Many thanks for your help!

 

 

Best Answer

  • ST_-Superman-_
    Answer ✓

    You can improve the performance by adding an index prior to the joins.  You have to add a transform for each table you are indexing.

     

    3b)

    ALTER TABLE proc1 ADD INDEX(`dates`,`shop_town_id`);

     

    3c)

    ALTER TABLE proc_group ADD INDEX(`created_at_trans`,`shop_town_id`);

     

    then run your join statement (#4)

     

    4b)

    ALTER TABLE proc_join ADD INDEX(`created_at_trans`,`shop_town_id`);

     

    4c)

    ALTER TABLE proc_group ADD INDEX(`ly_date`,`shop_town_id`);

     

    then run your join statement (#5)

     

     

    Let me know if that speeds up the process.  My next thought would be to create a "join" field in those data tables by concating the two fields you are joining on CONCAT(`dates`,`shop_town_id`) as `join`

     

    You would then want to index that new field prior to the join.  

     

    Good luck to you, let me know how it turns out.
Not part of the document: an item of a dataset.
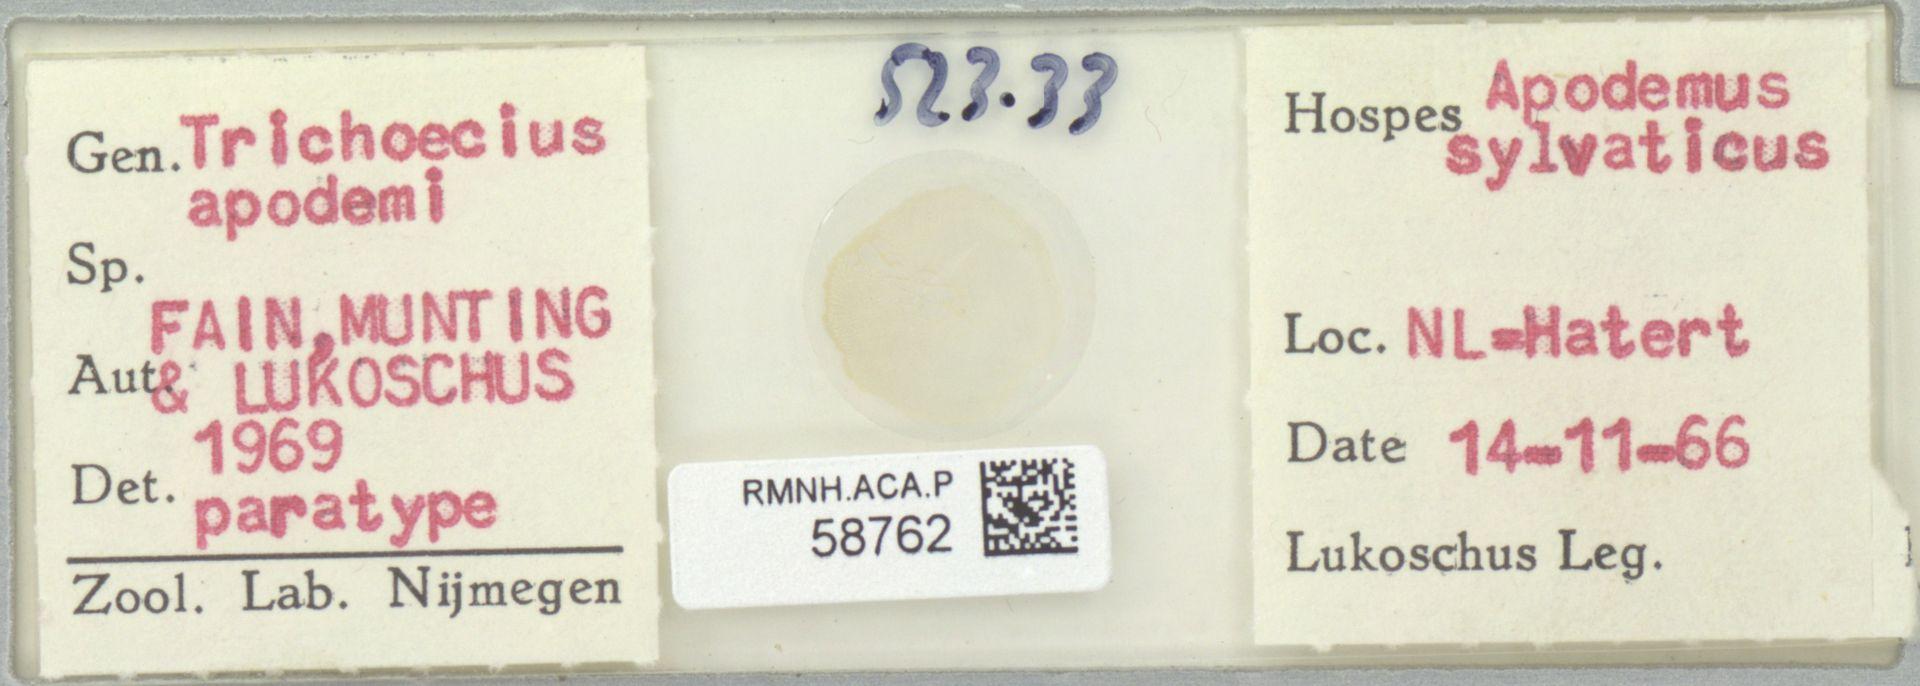 RMNH.ACA.P.58762   Trichoecius apodemi Fain, Munting & Lukoschus 1969

    “There is a superhero in all of us, we just need the courage to put on the cape.” -Superman

Answers

  • ST_-Superman-_
    Answer ✓

    You can improve the performance by adding an index prior to the joins.  You have to add a transform for each table you are indexing.

     

    3b)

    ALTER TABLE proc1 ADD INDEX(`dates`,`shop_town_id`);

     

    3c)

    ALTER TABLE proc_group ADD INDEX(`created_at_trans`,`shop_town_id`);

     

    then run your join statement (#4)

     

    4b)

    ALTER TABLE proc_join ADD INDEX(`created_at_trans`,`shop_town_id`);

     

    4c)

    ALTER TABLE proc_group ADD INDEX(`ly_date`,`shop_town_id`);

     

    then run your join statement (#5)

     

     

    Let me know if that speeds up the process.  My next thought would be to create a "join" field in those data tables by concating the two fields you are joining on CONCAT(`dates`,`shop_town_id`) as `join`

     

    You would then want to index that new field prior to the join.  

     

    Good luck to you, let me know how it turns out.
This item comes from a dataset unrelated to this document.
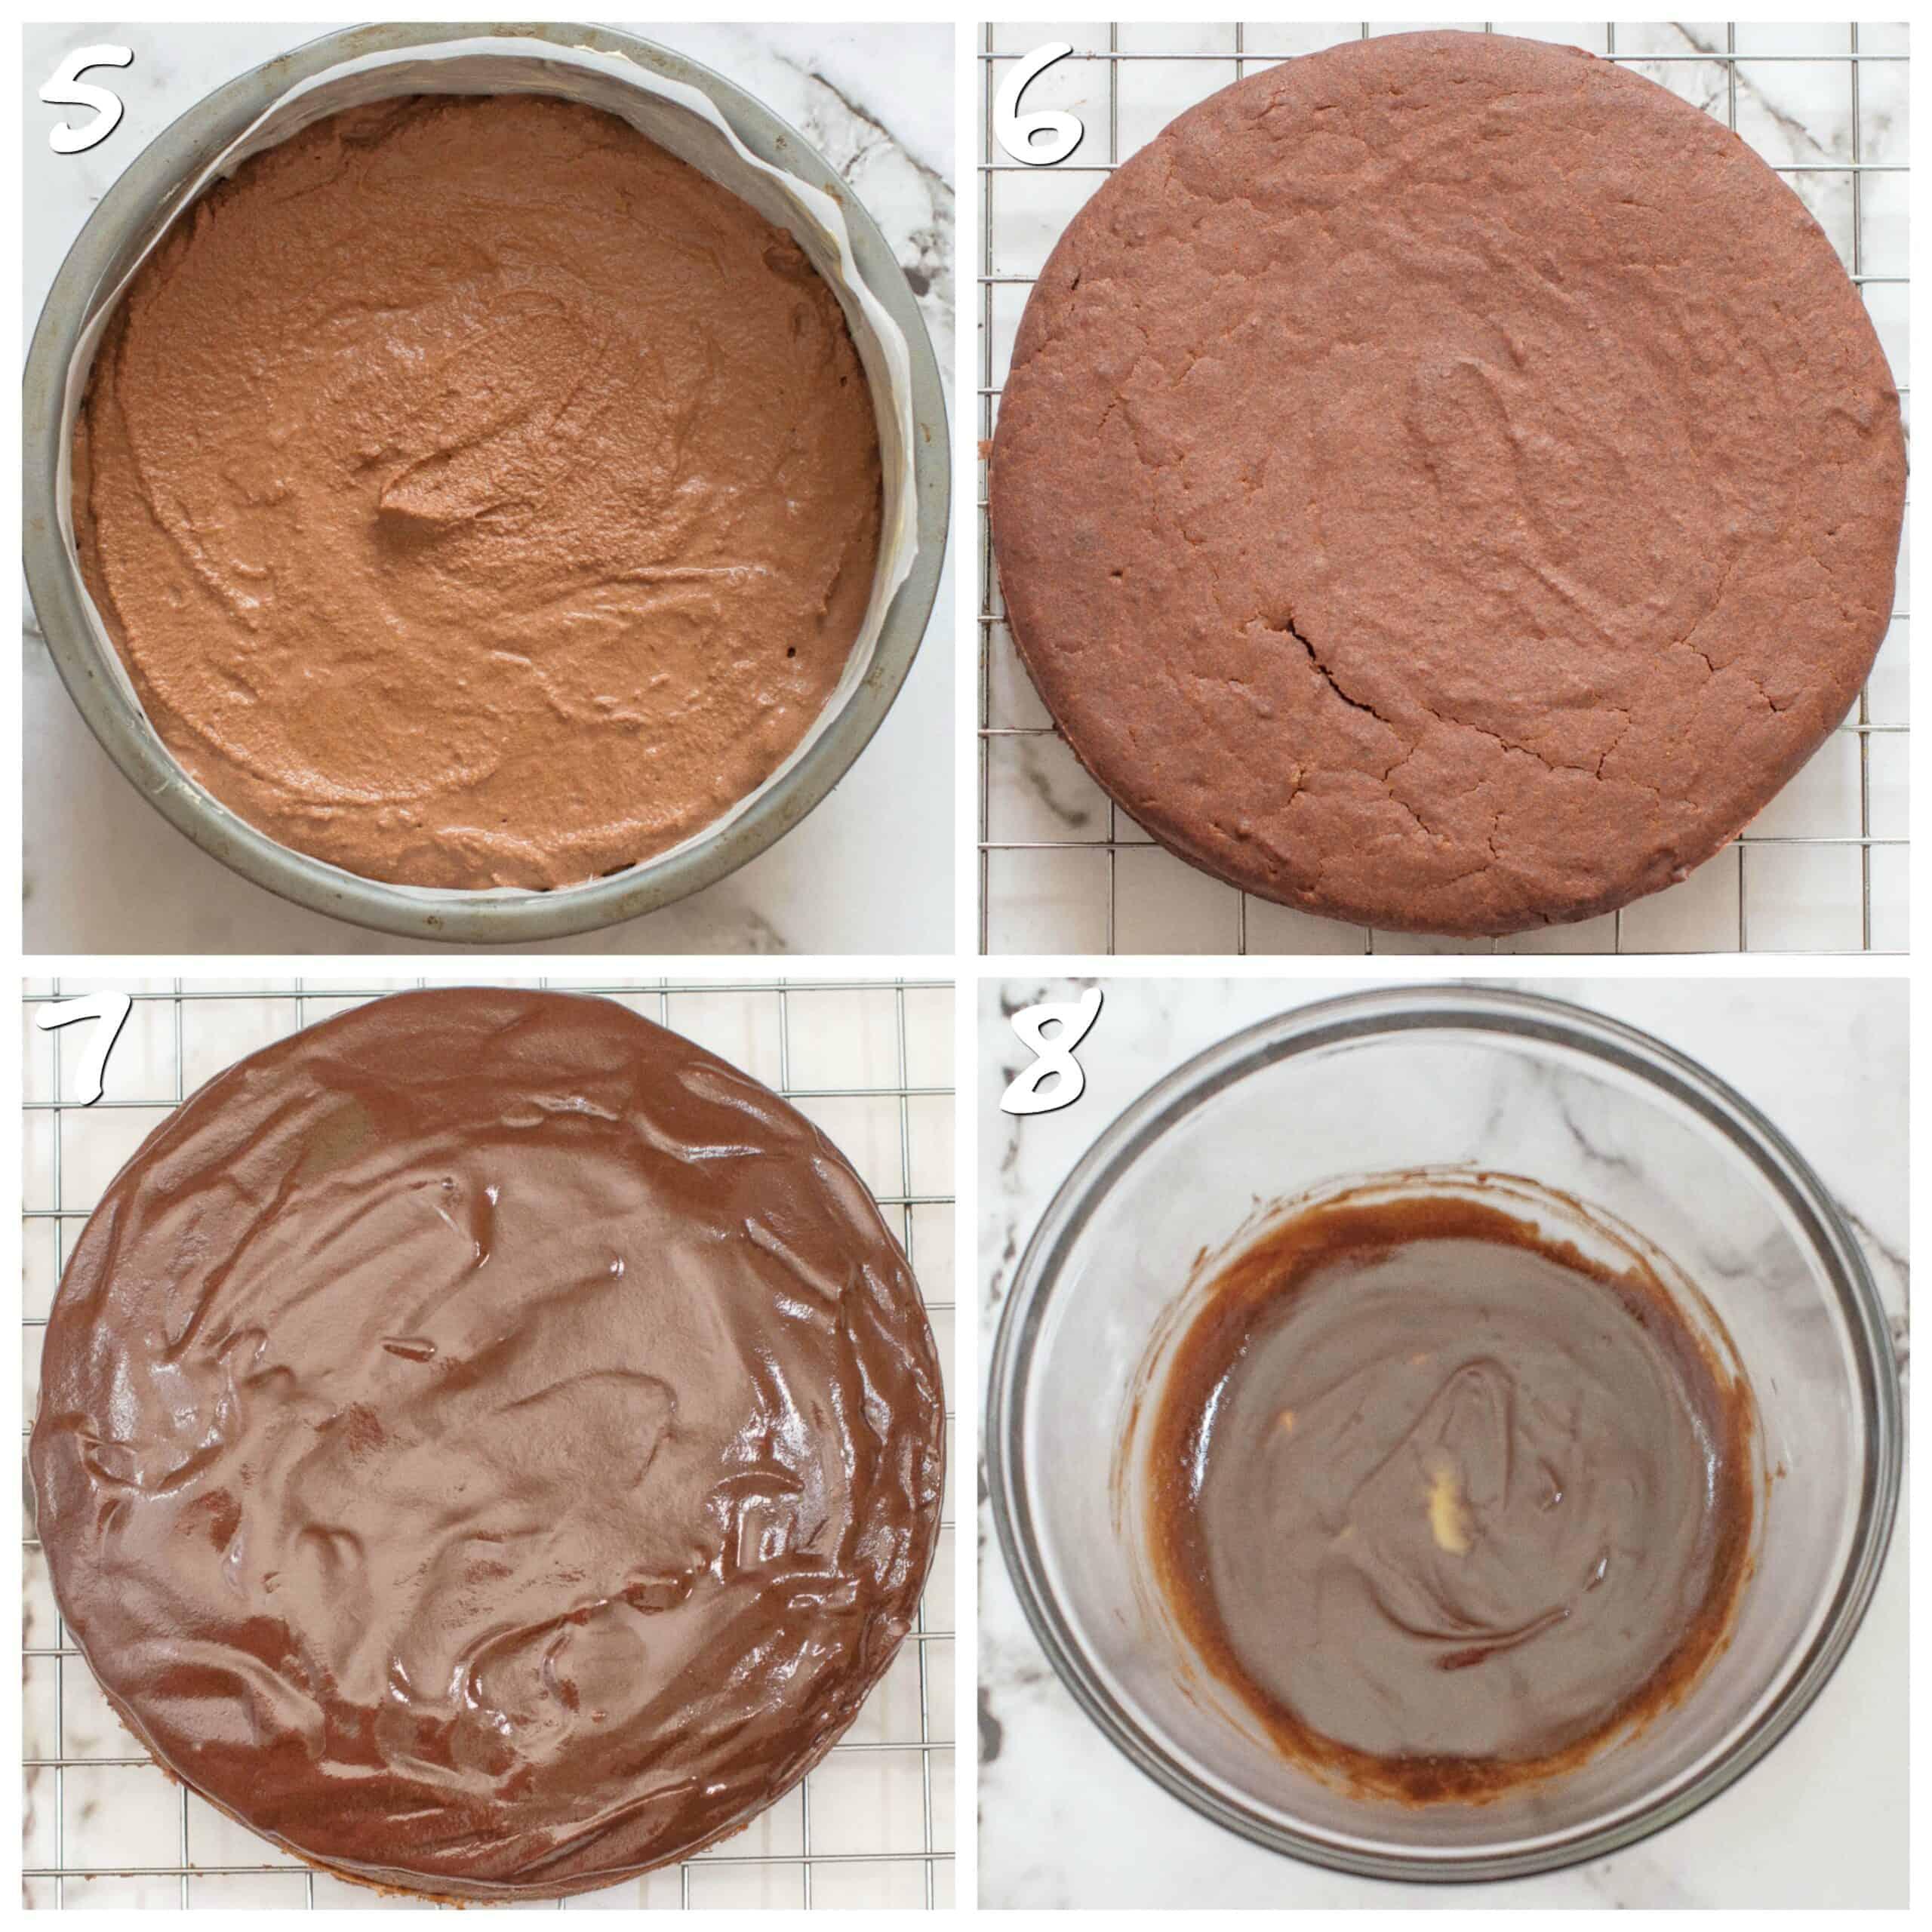 steps5-8baking the cake

    “There is a superhero in all of us, we just need the courage to put on the cape.” -Superman
  • @ST_-Superman-_ gives very solid advice.

    I offer one more suggestion to possibly speed things up for you.  I have a similar transform process in one of my dataflows where I combine a list of all days with a list of all customers to get an array of all possible customer-day combinations.  Instead of doing date math using your self-generated list of n days ago, I used Domo's Domo Dimensions connector (https://yourinstance.domo.com/appstore/connectors/com.domo.connector.domodimension) to bring to our data center a calendar file that has all days in it.  Then I just join that calendar against a list of all customers to generate the customer-day combinations:

     

    SELECT

      a.dt

      ,b.customer_id

    FROM

      (select distinct customer_id from customers) a

      ,domo_calendar b

    --notice no join condition since you want a cartesian product, but you could still use CROSS JOIN if you wanted

     

    I think it's really user-friendly this way.

    Aaron
    MajorDomo @ Merit Medical

    **Say "Thanks" by clicking the heart in the post that helped you.
    **Please mark the post that solves your problem by clicking on "Accept as Solution"
  • Thanks Scott, that helped out a lot!

     

    @AS Thank you as well for your input. I didn´t know about Domo Dimension, very helpful feature!